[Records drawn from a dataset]
* * * * * * *

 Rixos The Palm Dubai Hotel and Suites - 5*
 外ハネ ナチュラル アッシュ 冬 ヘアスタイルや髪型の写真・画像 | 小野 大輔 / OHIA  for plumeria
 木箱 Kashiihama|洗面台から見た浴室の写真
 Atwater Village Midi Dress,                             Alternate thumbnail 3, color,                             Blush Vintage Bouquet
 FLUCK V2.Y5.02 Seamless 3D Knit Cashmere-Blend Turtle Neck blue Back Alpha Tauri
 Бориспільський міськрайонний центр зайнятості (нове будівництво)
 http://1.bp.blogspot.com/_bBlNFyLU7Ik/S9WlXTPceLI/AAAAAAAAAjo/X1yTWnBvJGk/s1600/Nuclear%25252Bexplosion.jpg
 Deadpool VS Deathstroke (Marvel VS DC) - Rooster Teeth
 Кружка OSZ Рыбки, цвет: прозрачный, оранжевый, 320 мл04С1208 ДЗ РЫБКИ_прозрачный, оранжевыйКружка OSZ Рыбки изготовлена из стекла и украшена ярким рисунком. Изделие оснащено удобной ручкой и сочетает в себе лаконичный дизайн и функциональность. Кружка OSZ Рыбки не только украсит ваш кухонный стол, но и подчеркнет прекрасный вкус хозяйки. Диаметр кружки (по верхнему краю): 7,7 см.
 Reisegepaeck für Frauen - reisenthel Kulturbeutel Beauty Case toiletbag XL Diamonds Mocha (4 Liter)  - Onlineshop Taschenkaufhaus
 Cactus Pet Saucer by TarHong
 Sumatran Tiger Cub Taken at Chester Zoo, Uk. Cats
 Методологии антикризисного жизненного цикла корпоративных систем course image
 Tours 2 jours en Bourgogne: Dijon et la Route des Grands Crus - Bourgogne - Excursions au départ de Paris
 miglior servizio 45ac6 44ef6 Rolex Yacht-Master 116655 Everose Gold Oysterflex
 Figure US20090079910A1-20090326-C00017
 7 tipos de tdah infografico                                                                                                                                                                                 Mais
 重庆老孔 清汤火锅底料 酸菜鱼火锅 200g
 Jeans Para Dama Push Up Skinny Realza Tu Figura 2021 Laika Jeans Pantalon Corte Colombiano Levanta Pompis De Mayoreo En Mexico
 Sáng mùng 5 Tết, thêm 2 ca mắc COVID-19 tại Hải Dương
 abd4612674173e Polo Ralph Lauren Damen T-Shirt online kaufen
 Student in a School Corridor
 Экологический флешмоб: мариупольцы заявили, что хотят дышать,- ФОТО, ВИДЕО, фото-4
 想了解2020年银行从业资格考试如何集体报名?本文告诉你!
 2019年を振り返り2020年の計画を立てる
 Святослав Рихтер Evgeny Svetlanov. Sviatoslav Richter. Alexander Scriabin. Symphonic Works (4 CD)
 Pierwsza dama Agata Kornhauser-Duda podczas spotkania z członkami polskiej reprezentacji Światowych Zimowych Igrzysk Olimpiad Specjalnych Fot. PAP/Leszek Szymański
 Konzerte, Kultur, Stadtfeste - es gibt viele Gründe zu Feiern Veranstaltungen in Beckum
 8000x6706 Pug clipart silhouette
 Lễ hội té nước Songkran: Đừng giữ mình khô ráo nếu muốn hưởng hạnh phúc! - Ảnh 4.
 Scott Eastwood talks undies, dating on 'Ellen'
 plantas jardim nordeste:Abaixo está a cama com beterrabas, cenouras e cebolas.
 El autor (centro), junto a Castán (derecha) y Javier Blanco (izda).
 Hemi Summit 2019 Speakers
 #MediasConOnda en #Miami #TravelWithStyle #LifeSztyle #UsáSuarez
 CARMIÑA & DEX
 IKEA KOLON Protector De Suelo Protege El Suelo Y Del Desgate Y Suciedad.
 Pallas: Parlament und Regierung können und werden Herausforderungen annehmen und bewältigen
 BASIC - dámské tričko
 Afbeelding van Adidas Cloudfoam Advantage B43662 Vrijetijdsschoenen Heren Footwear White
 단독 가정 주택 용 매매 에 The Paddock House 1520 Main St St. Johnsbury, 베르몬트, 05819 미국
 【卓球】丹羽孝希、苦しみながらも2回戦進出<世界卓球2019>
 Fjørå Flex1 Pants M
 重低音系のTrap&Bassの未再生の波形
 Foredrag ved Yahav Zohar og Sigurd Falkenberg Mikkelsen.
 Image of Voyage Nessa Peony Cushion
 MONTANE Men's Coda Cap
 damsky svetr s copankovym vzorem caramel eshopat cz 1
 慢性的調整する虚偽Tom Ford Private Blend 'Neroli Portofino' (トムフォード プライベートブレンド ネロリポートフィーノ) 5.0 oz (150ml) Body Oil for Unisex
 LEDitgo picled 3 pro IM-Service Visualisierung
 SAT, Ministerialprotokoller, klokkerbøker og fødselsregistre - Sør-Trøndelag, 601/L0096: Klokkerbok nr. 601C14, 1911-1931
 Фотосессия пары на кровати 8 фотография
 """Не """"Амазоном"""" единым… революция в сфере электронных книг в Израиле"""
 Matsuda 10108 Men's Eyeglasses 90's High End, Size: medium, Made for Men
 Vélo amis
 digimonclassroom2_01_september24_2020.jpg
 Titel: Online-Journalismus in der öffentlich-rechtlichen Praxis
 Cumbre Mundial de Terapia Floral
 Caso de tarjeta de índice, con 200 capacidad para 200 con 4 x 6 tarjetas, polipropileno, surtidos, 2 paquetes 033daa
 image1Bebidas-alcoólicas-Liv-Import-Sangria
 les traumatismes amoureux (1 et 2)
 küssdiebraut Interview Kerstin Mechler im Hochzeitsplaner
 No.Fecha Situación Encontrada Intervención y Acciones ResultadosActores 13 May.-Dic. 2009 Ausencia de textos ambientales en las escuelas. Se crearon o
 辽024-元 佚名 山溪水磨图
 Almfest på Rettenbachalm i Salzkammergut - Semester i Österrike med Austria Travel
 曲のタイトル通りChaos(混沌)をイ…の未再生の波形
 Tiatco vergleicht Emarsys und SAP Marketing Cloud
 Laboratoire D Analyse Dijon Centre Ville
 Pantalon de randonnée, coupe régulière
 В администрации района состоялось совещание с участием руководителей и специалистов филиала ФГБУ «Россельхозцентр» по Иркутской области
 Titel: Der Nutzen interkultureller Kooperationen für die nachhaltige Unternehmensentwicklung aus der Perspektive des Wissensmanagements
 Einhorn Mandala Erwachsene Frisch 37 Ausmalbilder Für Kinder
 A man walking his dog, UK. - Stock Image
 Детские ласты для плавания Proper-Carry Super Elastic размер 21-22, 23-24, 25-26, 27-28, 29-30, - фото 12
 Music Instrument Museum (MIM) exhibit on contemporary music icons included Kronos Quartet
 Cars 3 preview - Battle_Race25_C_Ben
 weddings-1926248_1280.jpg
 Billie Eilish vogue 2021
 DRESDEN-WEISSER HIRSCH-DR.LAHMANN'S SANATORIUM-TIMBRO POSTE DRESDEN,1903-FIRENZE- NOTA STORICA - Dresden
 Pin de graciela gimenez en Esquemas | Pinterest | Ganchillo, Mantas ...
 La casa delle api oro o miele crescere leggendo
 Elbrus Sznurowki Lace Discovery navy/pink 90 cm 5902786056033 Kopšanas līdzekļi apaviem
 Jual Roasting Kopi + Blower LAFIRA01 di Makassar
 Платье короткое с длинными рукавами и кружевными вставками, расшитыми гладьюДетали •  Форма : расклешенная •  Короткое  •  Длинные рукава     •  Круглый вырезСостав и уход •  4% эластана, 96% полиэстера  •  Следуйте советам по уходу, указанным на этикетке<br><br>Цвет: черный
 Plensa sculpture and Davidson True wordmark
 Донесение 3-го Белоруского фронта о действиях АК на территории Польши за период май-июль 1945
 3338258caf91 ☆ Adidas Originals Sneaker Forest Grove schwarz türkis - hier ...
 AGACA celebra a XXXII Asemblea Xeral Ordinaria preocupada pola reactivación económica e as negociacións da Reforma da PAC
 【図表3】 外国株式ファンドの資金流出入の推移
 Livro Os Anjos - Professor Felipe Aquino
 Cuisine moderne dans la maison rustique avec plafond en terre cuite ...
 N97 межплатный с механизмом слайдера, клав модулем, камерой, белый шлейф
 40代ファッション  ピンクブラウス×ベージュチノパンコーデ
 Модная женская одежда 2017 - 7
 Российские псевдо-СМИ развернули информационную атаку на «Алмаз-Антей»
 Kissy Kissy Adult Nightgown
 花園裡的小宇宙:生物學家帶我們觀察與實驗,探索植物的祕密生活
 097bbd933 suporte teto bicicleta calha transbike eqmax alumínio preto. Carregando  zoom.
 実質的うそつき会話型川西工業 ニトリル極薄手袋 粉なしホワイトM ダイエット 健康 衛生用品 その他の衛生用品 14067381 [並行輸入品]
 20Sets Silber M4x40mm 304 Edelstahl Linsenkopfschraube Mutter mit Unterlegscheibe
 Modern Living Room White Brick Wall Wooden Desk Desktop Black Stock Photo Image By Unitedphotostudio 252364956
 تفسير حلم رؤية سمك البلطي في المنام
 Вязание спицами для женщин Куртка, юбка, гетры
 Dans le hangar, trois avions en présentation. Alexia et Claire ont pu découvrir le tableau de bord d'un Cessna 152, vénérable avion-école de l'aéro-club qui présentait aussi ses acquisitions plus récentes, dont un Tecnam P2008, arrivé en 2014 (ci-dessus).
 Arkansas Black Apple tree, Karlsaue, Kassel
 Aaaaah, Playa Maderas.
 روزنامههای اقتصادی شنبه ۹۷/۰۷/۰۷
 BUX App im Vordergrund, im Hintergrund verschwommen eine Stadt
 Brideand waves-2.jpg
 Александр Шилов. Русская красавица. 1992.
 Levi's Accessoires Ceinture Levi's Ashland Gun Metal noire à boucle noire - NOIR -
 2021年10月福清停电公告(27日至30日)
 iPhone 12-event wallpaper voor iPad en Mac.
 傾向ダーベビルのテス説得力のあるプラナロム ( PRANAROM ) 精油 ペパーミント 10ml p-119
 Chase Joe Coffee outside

* * * * * * *

● TASK: Could you restate word for word the lines above, from the one that contains "MONTANE Men's Coda Cap" through the one that contains "digimonclassroom2_01_september24_2020.jpg", and no others?

● ANSWER BOX:
 MONTANE Men's Coda Cap
 damsky svetr s copankovym vzorem caramel eshopat cz 1
 慢性的調整する虚偽Tom Ford Private Blend 'Neroli Portofino' (トムフォード プライベートブレンド ネロリポートフィーノ) 5.0 oz (150ml) Body Oil for Unisex
 LEDitgo picled 3 pro IM-Service Visualisierung
 SAT, Ministerialprotokoller, klokkerbøker og fødselsregistre - Sør-Trøndelag, 601/L0096: Klokkerbok nr. 601C14, 1911-1931
 Фотосессия пары на кровати 8 фотография
 """Не """"Амазоном"""" единым… революция в сфере электронных книг в Израиле"""
 Matsuda 10108 Men's Eyeglasses 90's High End, Size: medium, Made for Men
 Vélo amis
 digimonclassroom2_01_september24_2020.jpg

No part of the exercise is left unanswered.